THE ZOMBIE FARM
Reviewed by: Andre Manseau
Frederico Lapenda and Blaine McManus
What's it about
Some poor lady hates her abusive husband and she seeks out a voodoo priestess(Yeah, for real). Unfortunately when she slips it to her husband, he turns into a zombie and the rest of the movie is spent trying to get a bunch of farmhands from turning into the undead.
Is it good movie?
I don't want to be rude right out of the gate here folks but this is a strange little film that likely won't offer up what you'd expect to get from a movie like this. As I mentioned in the synopsis, this movie deals with voodoo, a documentary gone wrong and farm workers turning into zombies. You'd think that all of this would lead to a rip-roaring zombie smashfest that leaves you smiling from ear to ear.
Shockingly enough, the Zombie Farm plays itself super seriously and that's not even the whole enchilada. The voodoo people are not a small fixture in the film but a big part of the enemy side of things as they want to TAKE OVER the farm and use it for dastardly voodoo deeds. Yes, that's right, the voodoo people want to run the farm.
So it isn't a rip-roaring fun fest, and on top of that, it's not even gory. There's pacing trouble too- it takes over a third of the movie before you even see any zombies because they spend so much times setting up the stereotypical characters. I know that I usually complain that characters are underdeveloped but that isn't the case here, the problem is that the characters are typical and remain relatively predictable.

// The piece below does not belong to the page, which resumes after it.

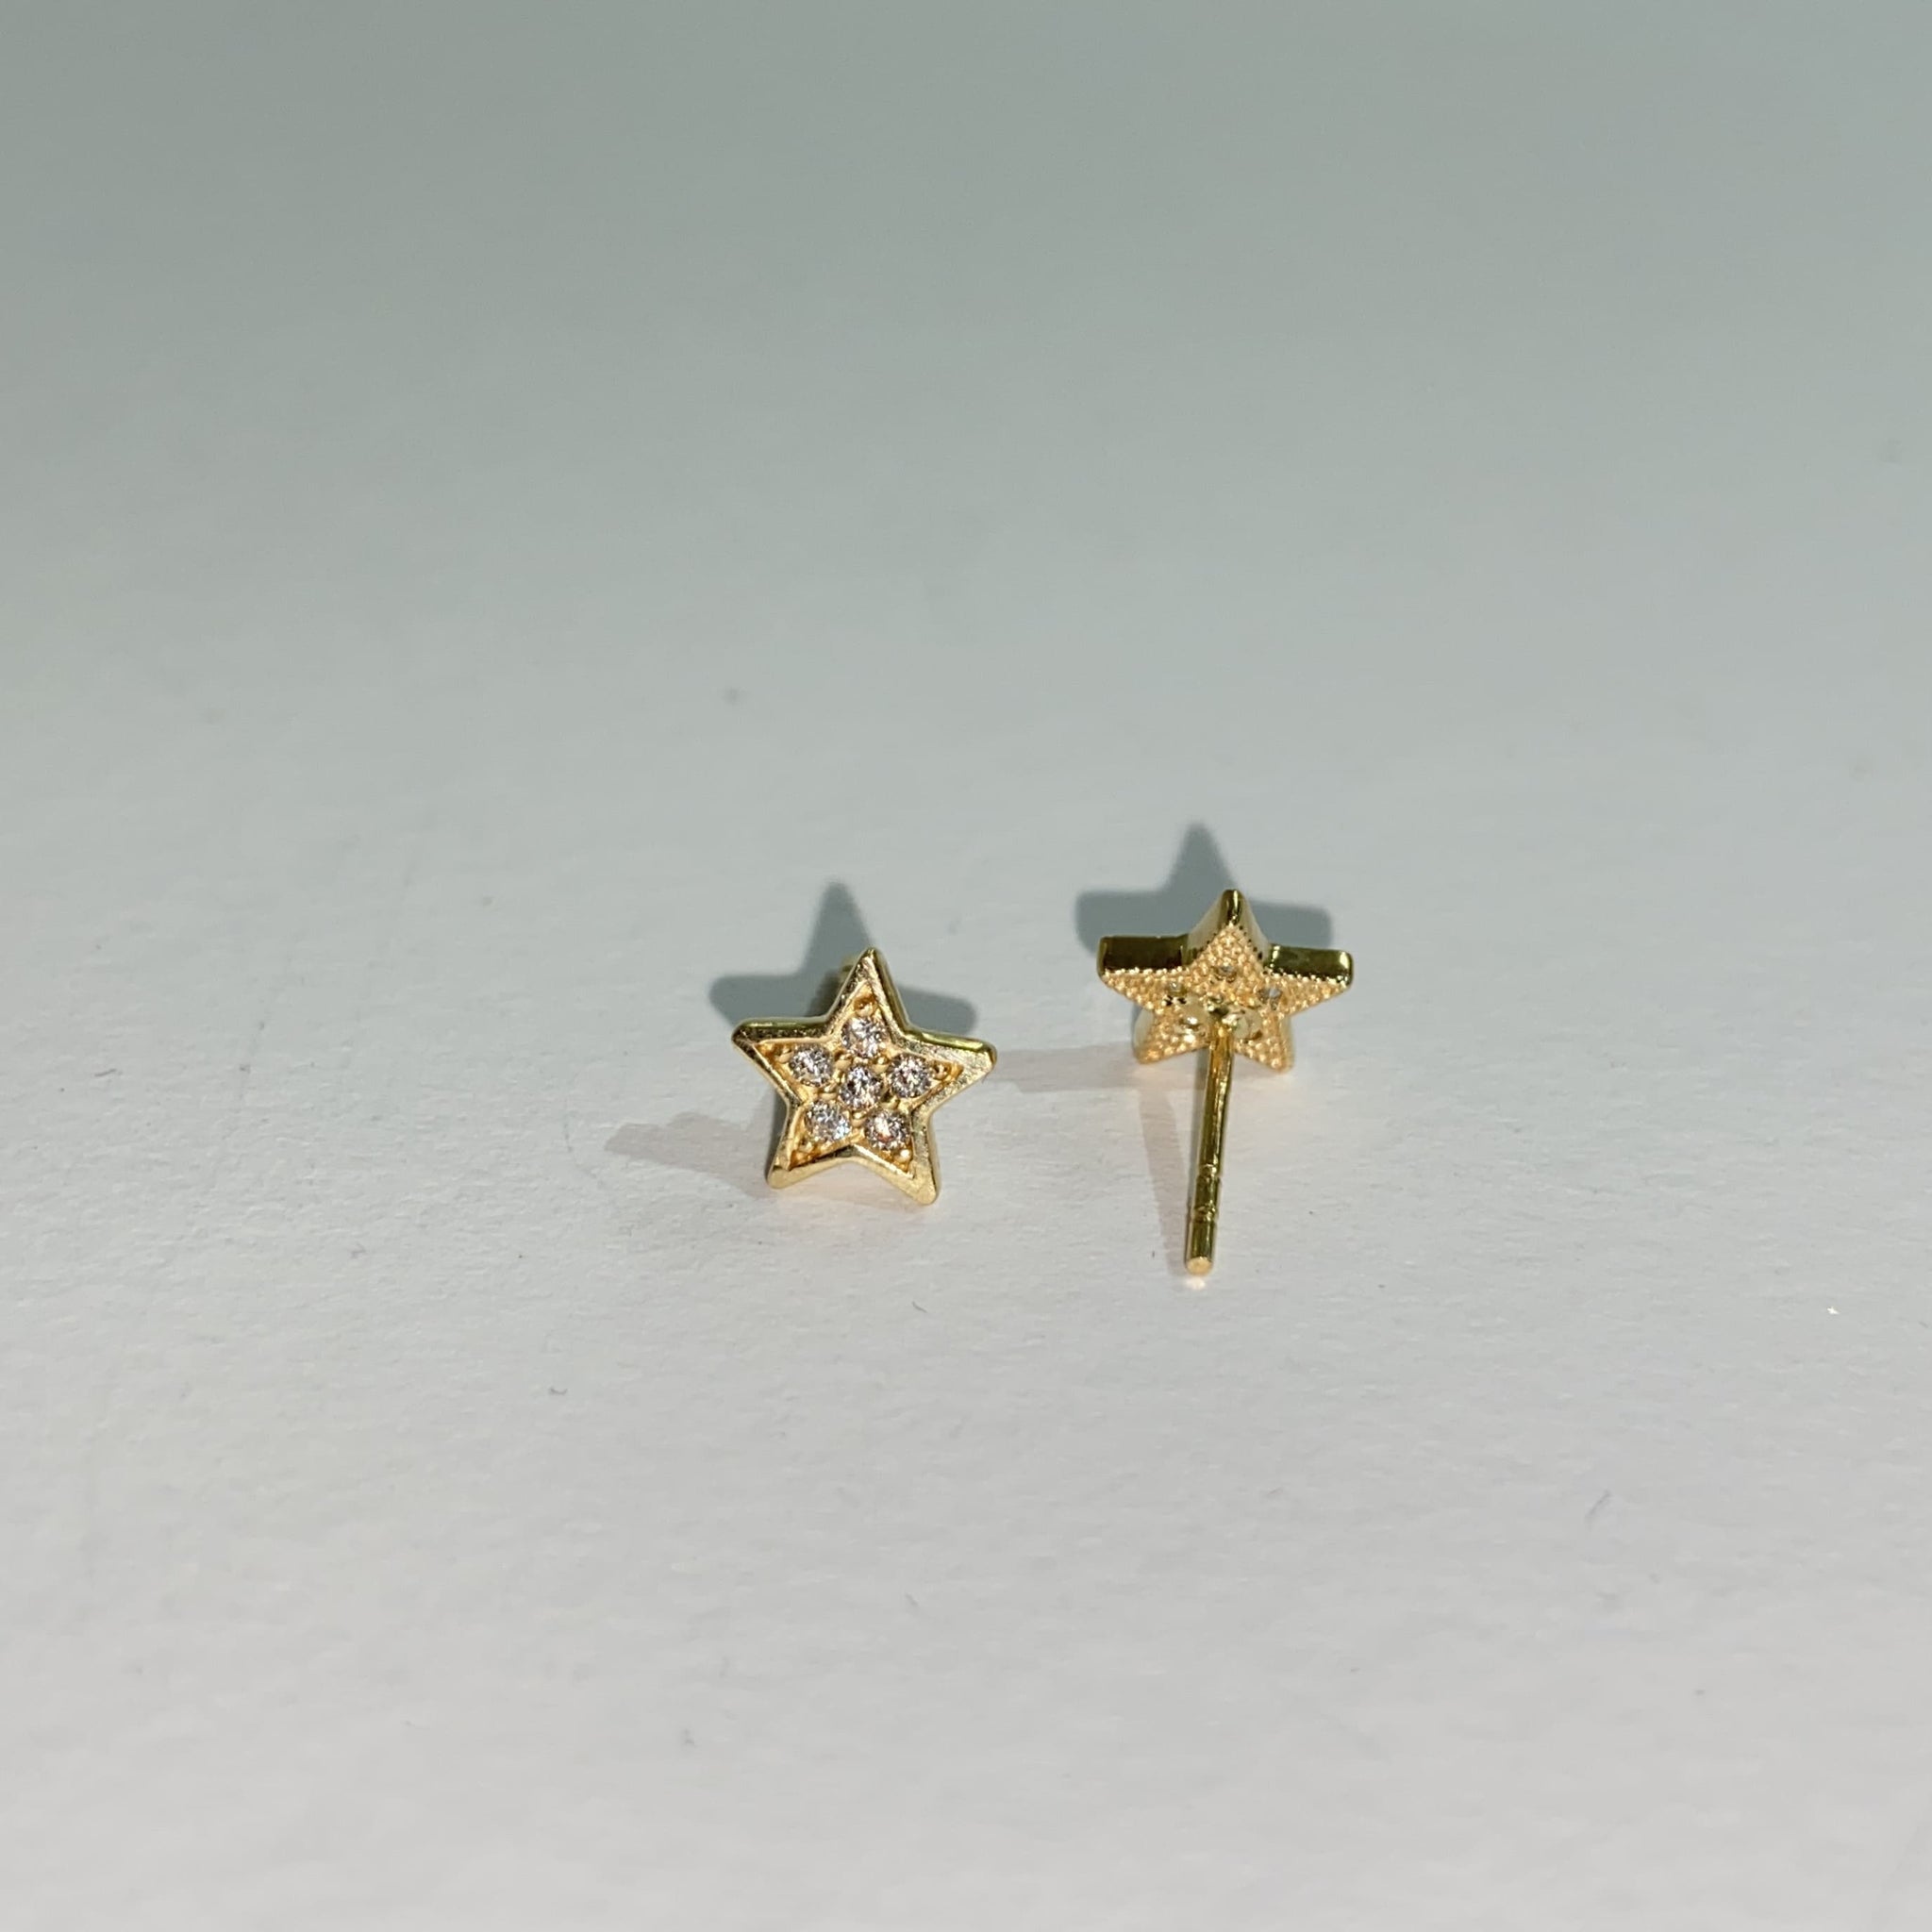 Star earrings / oorbellen 200 - 14 karaat

Somehow though, with all that said this movie is actually not bad. The performances are fun (priestess Nadia Rowinsky and misunderstood hero Roberto Montesinos) and pretty decent at the same time . The zombies look decent, but again there's barely any gore. I liked the look of the shamblers, but it wasn't anything to write home about.
Although this movie takes itself seriously, there are still a few laughs to be had through characters like the investigator. In fact, there's even a fair amount of social commentary to be found here too (immigration stuff and the like) if you're into that. So I know it might be odd, but give it a bit of a chance.
Video / Audio
Video is presented in 1.78:1 anamorphic widescreen and looks alright, although a bit grainy.
Audio comes in 5.1 surround and is just fine.
The only extra is a relatively brief behind the scenes featurette that comes off like a TV style interview. It has some info worth noting, like the fact that this was originally going to be a spanish language film. It has interviews with the actors, directors and so on but is pretty standard and runs only about 15 minutes.
There are also some trailers for See you in September, a Kiss of Chaos, Across the Line and Sins of my Father.
At the end of the day this little movie was unexpected and relatively watchable. It has pacing issues and no gore, but I made it through from start to finish without sighing or wanting to shut it off, and that's a good sign.